Shortly after finishing work on Escape from L.A., John Carpenter was thinking about quitting filmmaking because “it stopped being fun”.[1] Largo Entertainment approached him with a project called Vampires, an adaptation of the novel of the same name by John Steakley. They gave him two screenplays – one by Don Jakoby and the other by Dan Mazur. Carpenter read them both and the novel and saw the potential for a film he'd been interested in making. I went into my office and thought, 'It's going to be set in the American southwest and it's a western – Howard Hawks.’”[1] Vampires gave Carpenter the chance to do a western disguised as a horror film," he said. "The story is set up like a western. It's about killers for hire. They're a western cliché. In this movie they’re paid to kill vampires."[2] In terms of tone and look, Carpenter felt that his film was "a little more like The Wild Bunch than Hawks in its style, but the feelings and the whole ending scene is a kind of replay on Red River."[1]
He wrote his own screenplay taking elements from the Jakoby and Mazur scripts, the book and some of his own ideas. For this film, Carpenter wanted to get away from the stereotype of gothic vampires as he said in an interview, "My vampires are savage creatures. There isn’t a second of brooding loneliness in their existence. They’re too busy ripping and tearing humans apart."[3]
Carpenter cast James Woods as Jack Crow because he wanted "the vampire slayer to be as savage as the prey he’s after. James Woods is the kind of guy you’d believe could and would chew off the leg of a vampire."[3] Woods was interested in doing the film because it was something different for him. Contrary to his reputation, Carpenter didn’t find the actor difficult to work with because "we had a deal. He would give me one take as it’s written and I would let him improvise...Many of his improvisations were brilliant. When I needed him to be more focused and disciplined, I had the take from the script that was straighter."[1]

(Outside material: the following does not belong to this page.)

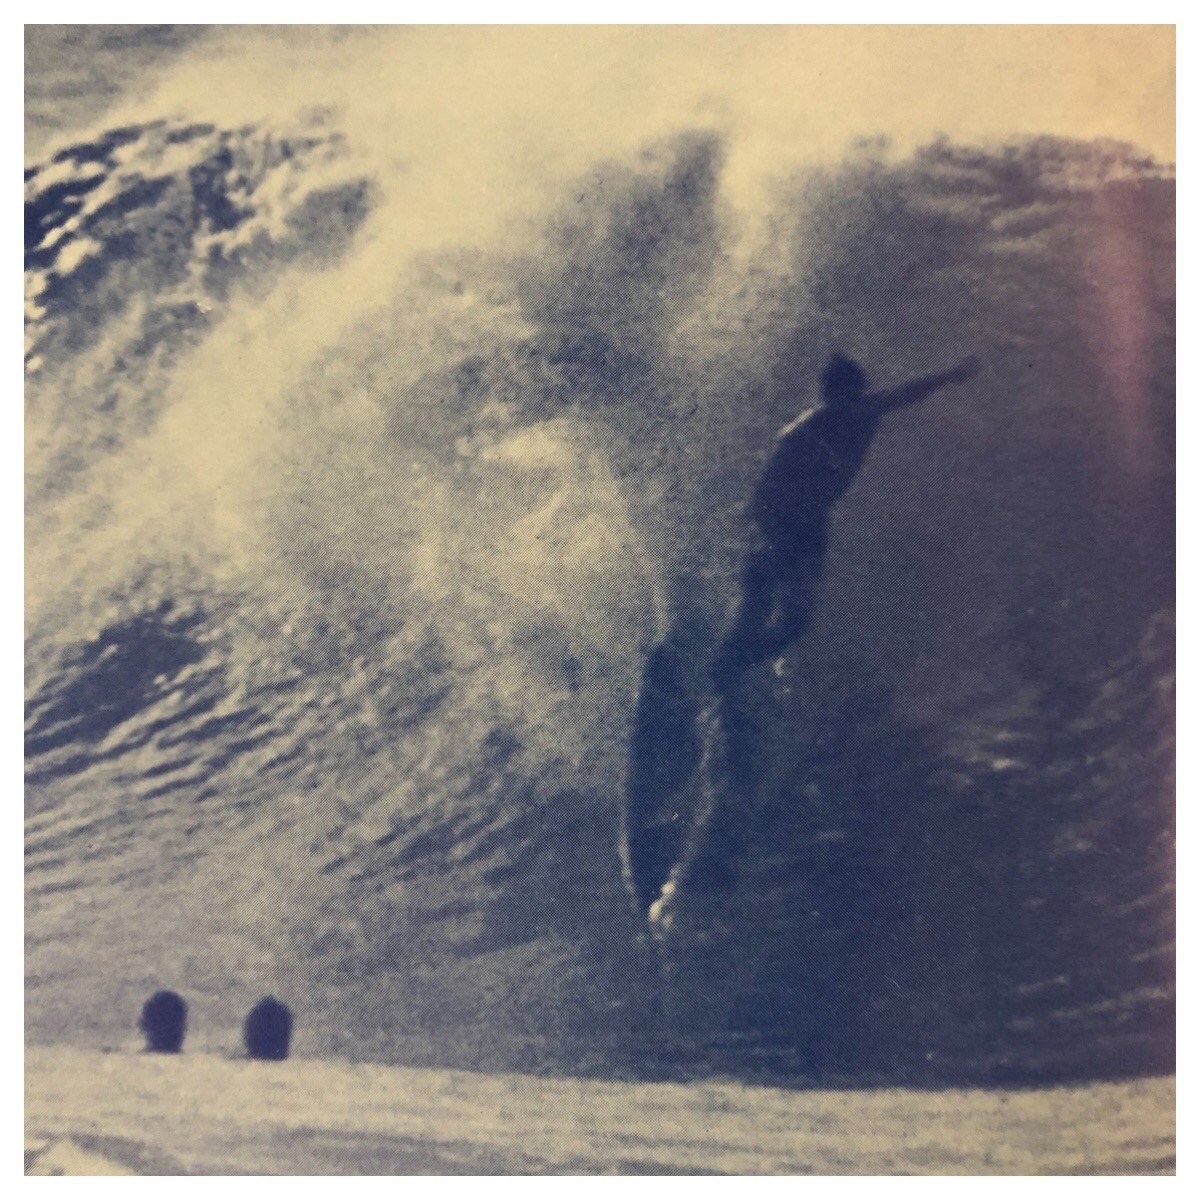 Butch Van Artsdalen – Surf Guide – 1963

Carpenter had not seen any of Daniel Baldwin's work and had the actor read for him. He had seen Sheryl Lee on Twin Peaks and cast her based on her work on the show. Carpenter's wife and the film's producer Sandy King cast Thomas Ian Griffith because she and the director wanted "someone who looks formidable, but is also alluring. There always has to be something alluring about the evil nature of the vampire."[3]
The MPAA took issue with the film’s over-the-top violence, threatening to give it an NC-17 rating unless some of the gore was cut. King said, "We satisfied the ratings board by just cutting short of a few things that went into really gruesome stuff."[2]
The film was originally released to mixed critical reviews. The Globe and Mail's (Toronto) Liam Lacey called it "crude, rude, nasty fun." However, The New York Times' Lawrence Van Gelder said it was "ridiculous without being awful enough to be hilarious."